In the case of Biota, there is little dissent about the worth of the deal: the company gets funding for getting Laninamivir to market, without having to cede a cent of equity or any ownership or manufacturing rights over the drug.
Blake says the deal is "absolute recognition about building capability in the face of many detractors who say it's not worth it".
In short, the biotech is hot property, but it is far from a case of a rising tide lifting all boats.
As with our two-speed "miners versus the rest" economy, there is a danger many of the 100 or so listed biotechs will be left behind.
For every biotech that taps the mother lode, there are a dozen early-stage stragglers.
According to newsletter Bioshares, 47 biotechs have market capitalisation of less than $20m and four are valued at $1m to $2m.
Its quarterly survival index lists 29 companies with insufficient cash to last more than 12 months at current burn rates.
Lavelle is concerned about the minnows that don't enjoy the same government support.

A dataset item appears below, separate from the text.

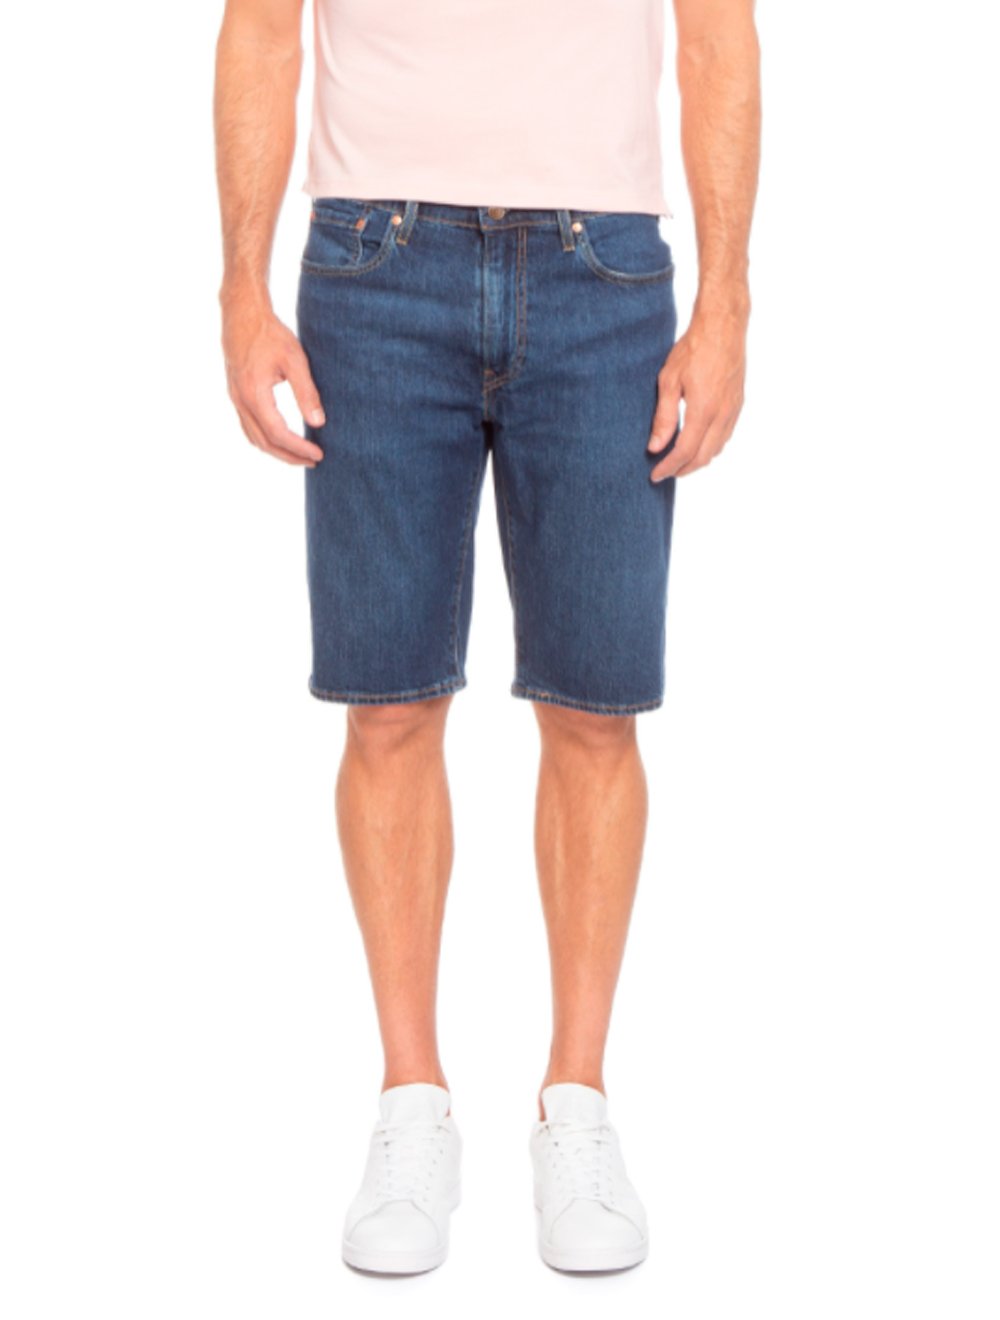 Bermuda Levis Jeans Masculina 405 Standard Shorts Escura
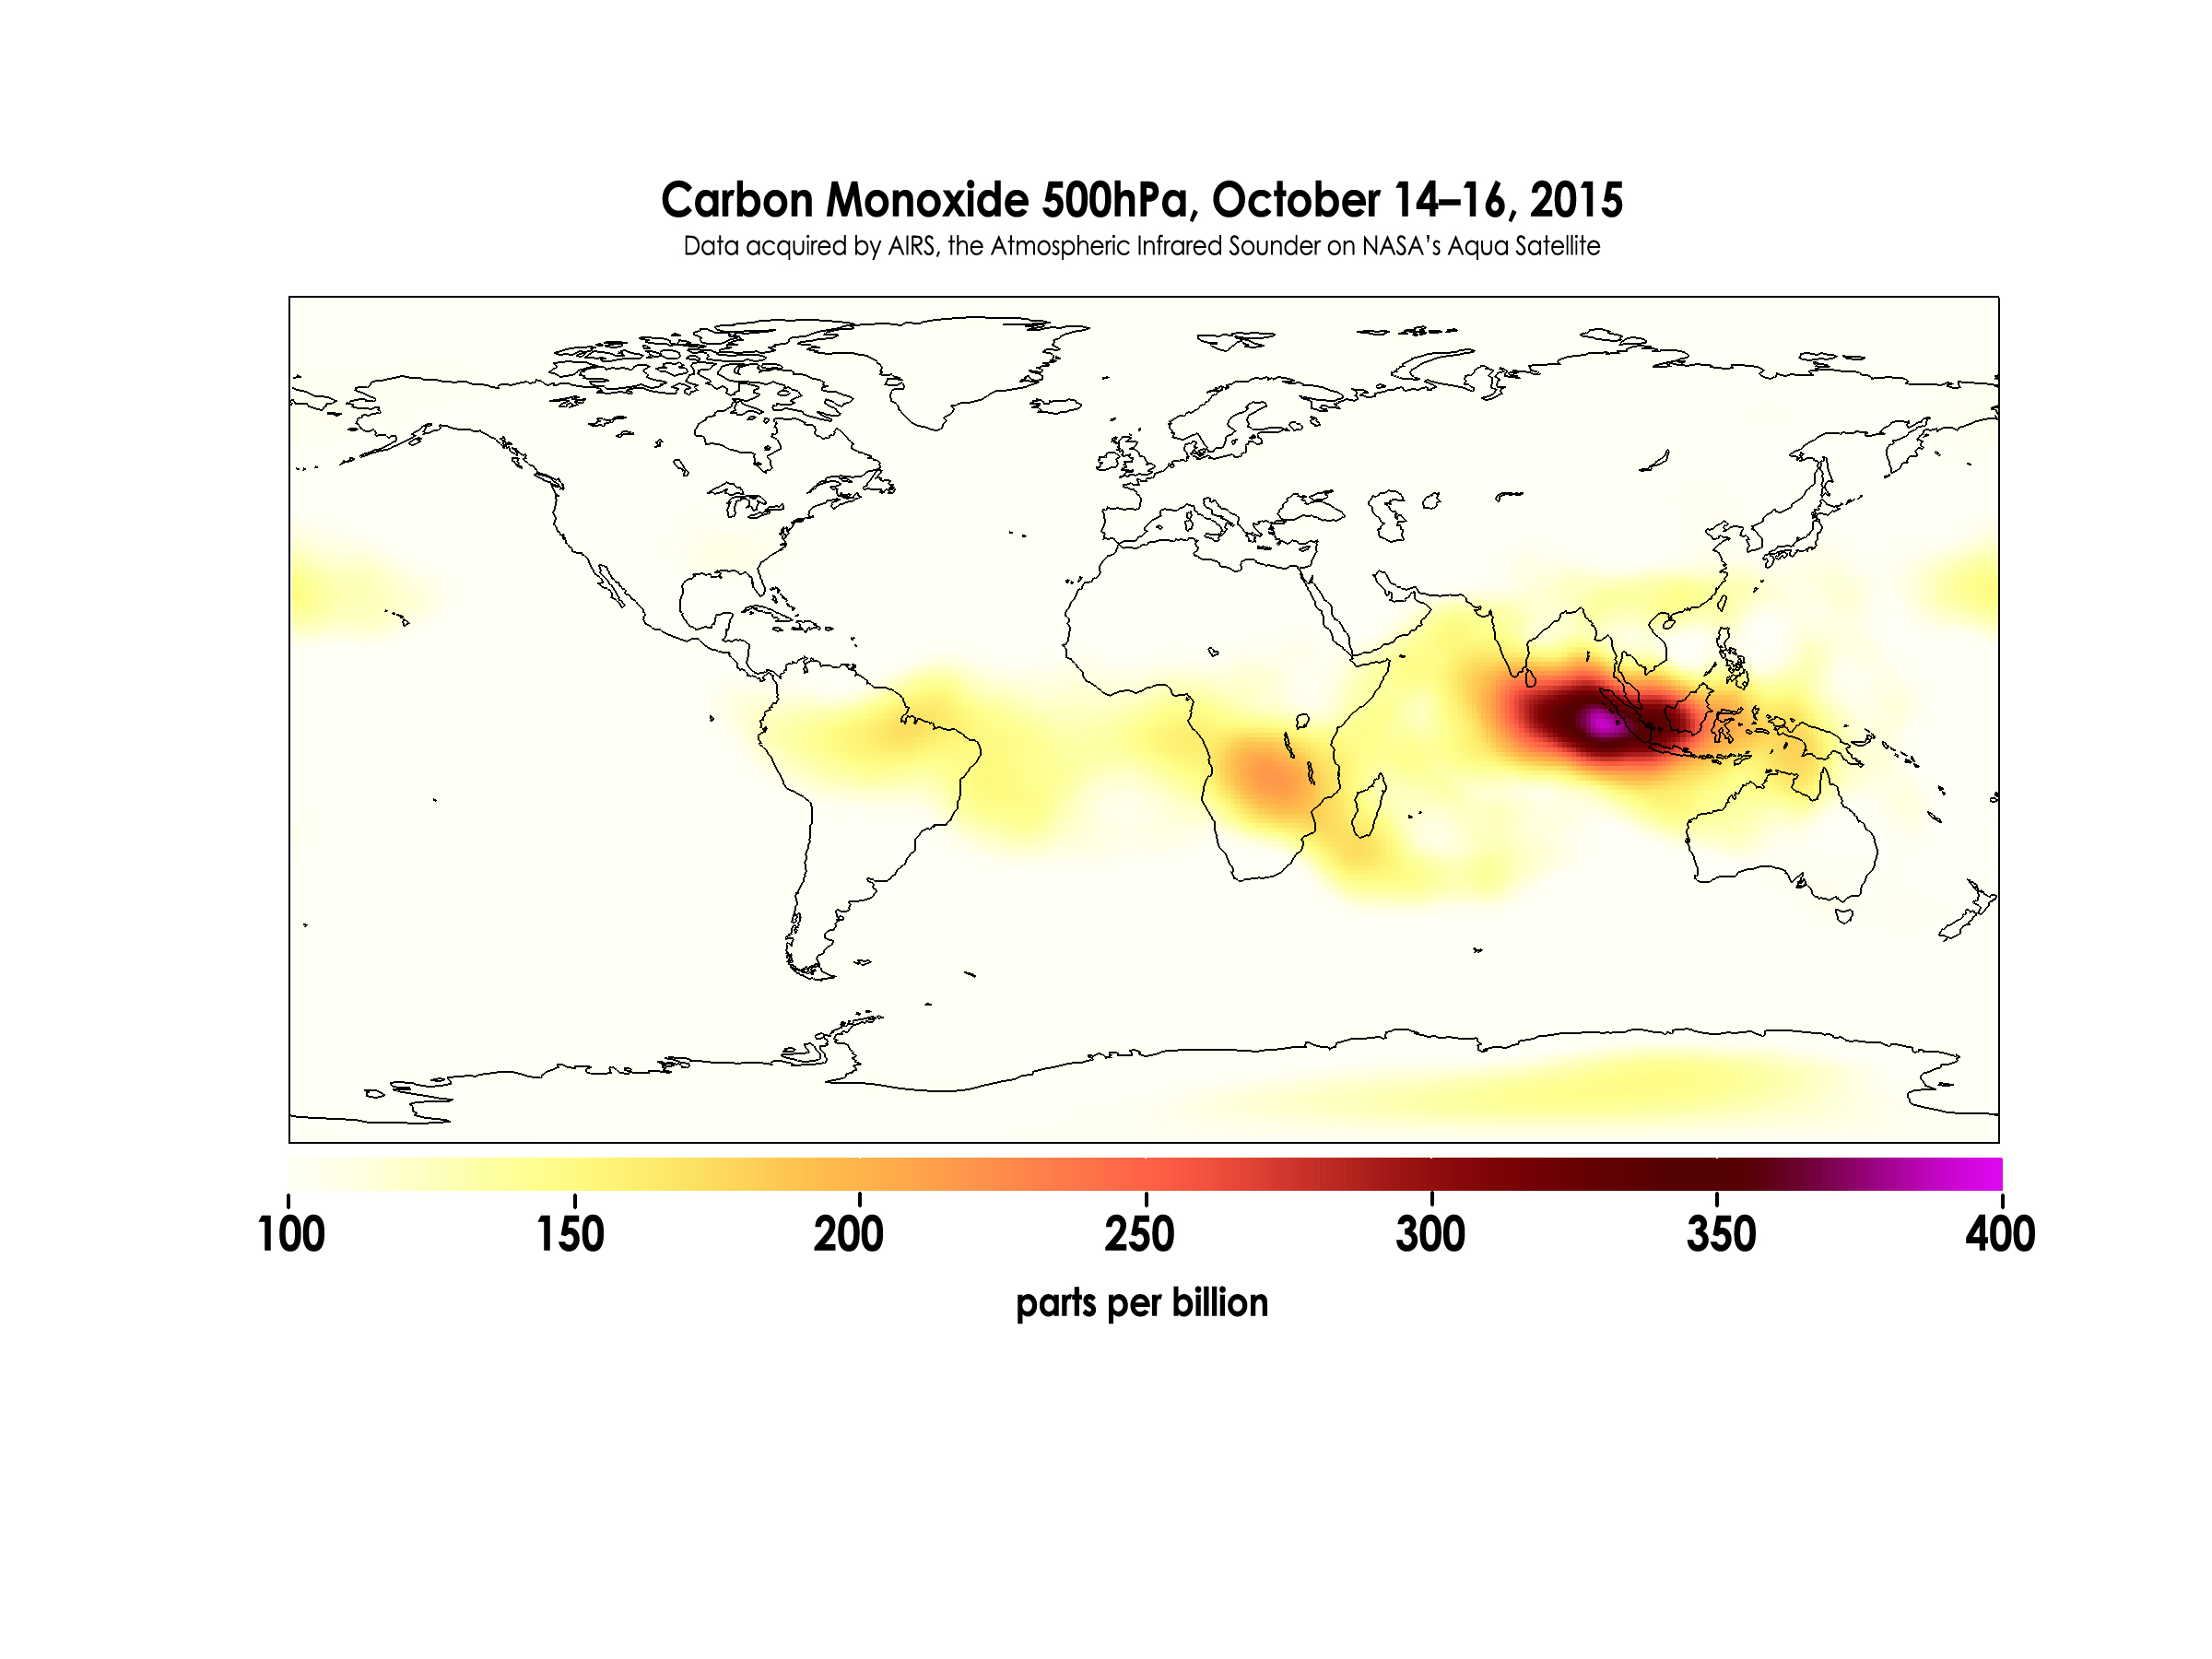 Carbon Monoxide in Mid-Troposphere over Indonesia Fires, October 14-16, 2015

"Early funding has been quite difficult to get since the GFC in 2008" she says. "It really was a perfect storm for them and some have never recovered."
In an unusual approach, AusBiotech organised a presentation by 18 companies to a Perth gathering of 100 or so mining investors.
"They have a similar risk appetite and might want to diversify their portfolio," Lavelle says.
Given that success breeds success, she hopes recent deals will bring renewed interest from "quarters not usually motivated about life sciences investment".
Lavelle expects big pharmas to become more creative, not just buying licences on a royalty arrangement, but seeking broader equity or partnership arrangements."